Disappointments are the stuff that makes for bear markets. Can we come to the end of a Fed tightening cycle with no pain? A Kinder, Gentler Mr. Market? Now that would be different.
The following chart comes from good friend Matt Blackman, writing in the EquiTrend Weekly Market Watch. I think most of you will find it useful. It is a very nice visual picture of the how the economic market typically cycles. New cycles are never identical to the previous one, but there is a rhythm. Falling interest rates often signal (trigger?) the expansion phase, and rising rates eventually start the contraction phase. We would now be at 3 o'clock in this illustration.
China Steps on the Brakes
China is stepping on the economic brakes, but it will be interesting to see if they actually work. There are 2,600 major construction sites in Beijing and over 200,000 capital construction projects nationwide. Manufacturing capacity has been doubling every 3 to 4 years, accompanied by constant price destruction in many sectors.

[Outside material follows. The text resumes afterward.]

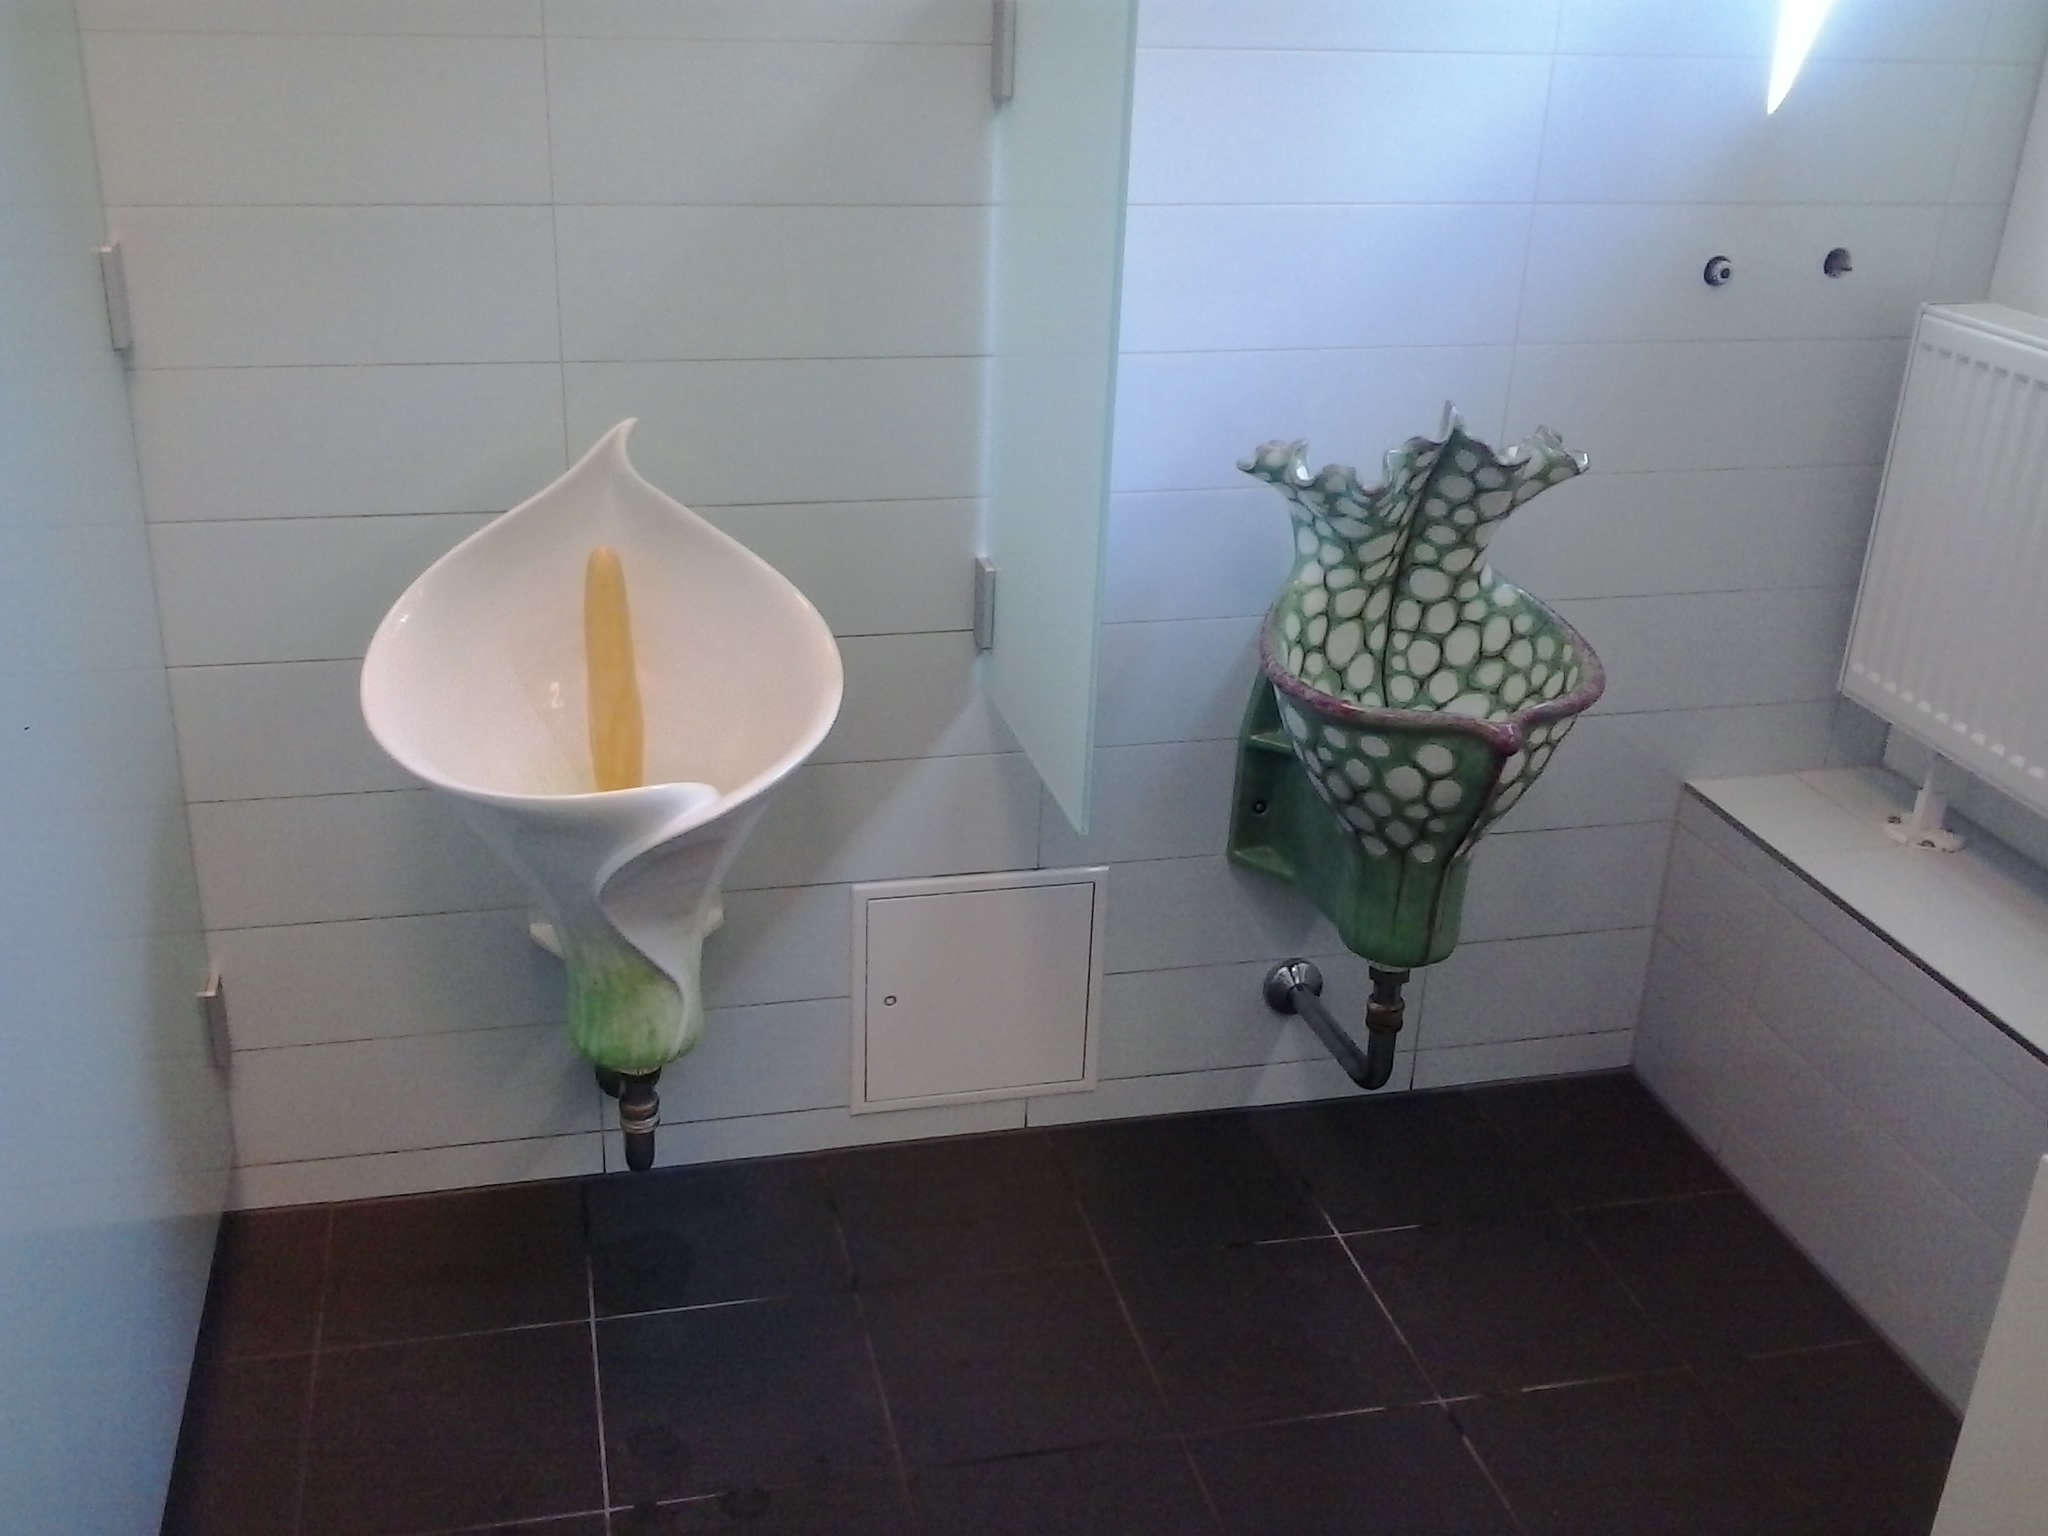 etwas andere Urinale auf dem Herren-WC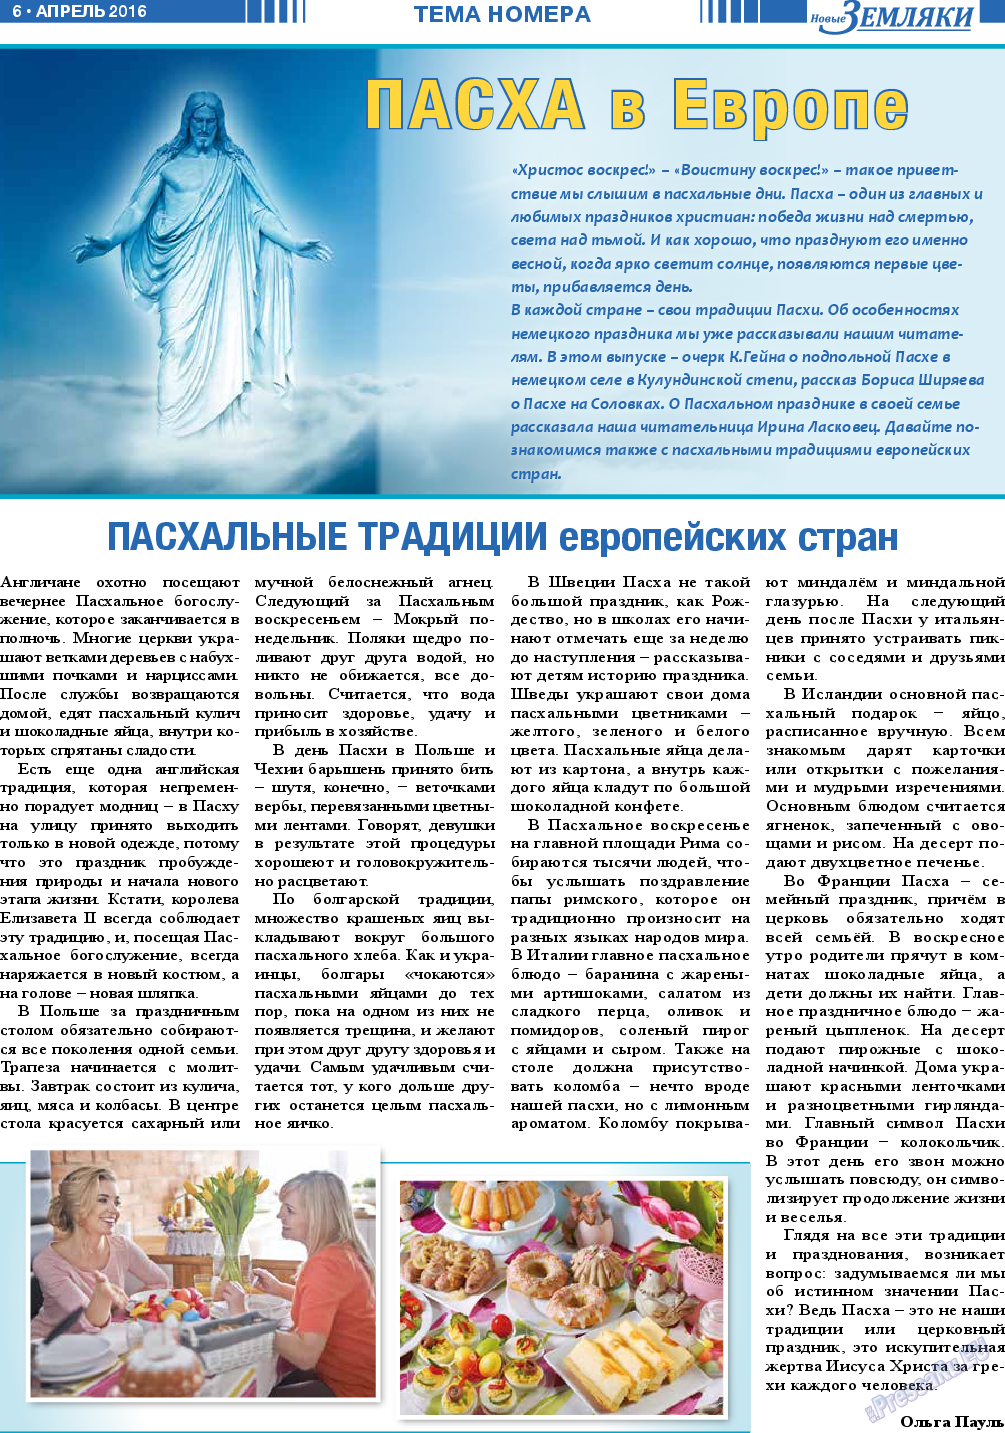 Новые Земляки (газета). 2016 год, номер 4, стр. 6

The Chinese economy is growing in the 10-12% range and perhaps more, as much activity probably goes unreported. There is nothing wrong with strong growth, but there is legitimate concern about growth that is not actually market-based. The Chinese government is concerned about too much capacity in too many industries, as well as real estate speculation.
Every local government has had access to cheap money. So, they build more factories with little view to markets and profits. As Simon Hunt notes from a recent rip to China:
"In our travels around Shandong Province we came across a prime example. A local government company decided in 2000 to construct a power station and a copper tube plant. We cannot comment on the feasibility of the power plant, but it was quite clear from our visit that the ACR tube plant with a capacity of 60kt/a will never make a decent return on capital, let alone will lenders ever get to see their money back.
"Not content with one white elephant, the company is building a sheet/strip plant with a capacity of 100kt/a and a capex of US$250 million, using all imported equipment, just to add to the circa 1.5MT/a of new capacity being built in China. Our discussions also showed that they had not undertaken a rigorous market study prior to starting to construct. Power stations, tube and sheet/strip mills have all been fashionable projects, and China is a land of fashion followers."
How many such projects are there? The central government has laid down rules designed to make it more difficult to build projects which are not economically rational. But the local bureaucrats have ignored the rules. Beijing is starting to crack down. Some 100,000 projects, initiated since the beginning of the year, are under investigation. Forty percent of these violate at least one rule, and 14% are actually illegal.
Conveniently for the central government, a large number of local bureaucrats are due to be replaced (through retirement or elections). Look for their replacements to be more loyal to the central government.
Beijing is not trying to stop real infrastructure growth. The concern is excess capacity, which leads to deflationary pressure. Directing all this from a central government is a mind-boggling task, and one about which I must admit I harbor doubts as to how it will actually work. But so far...?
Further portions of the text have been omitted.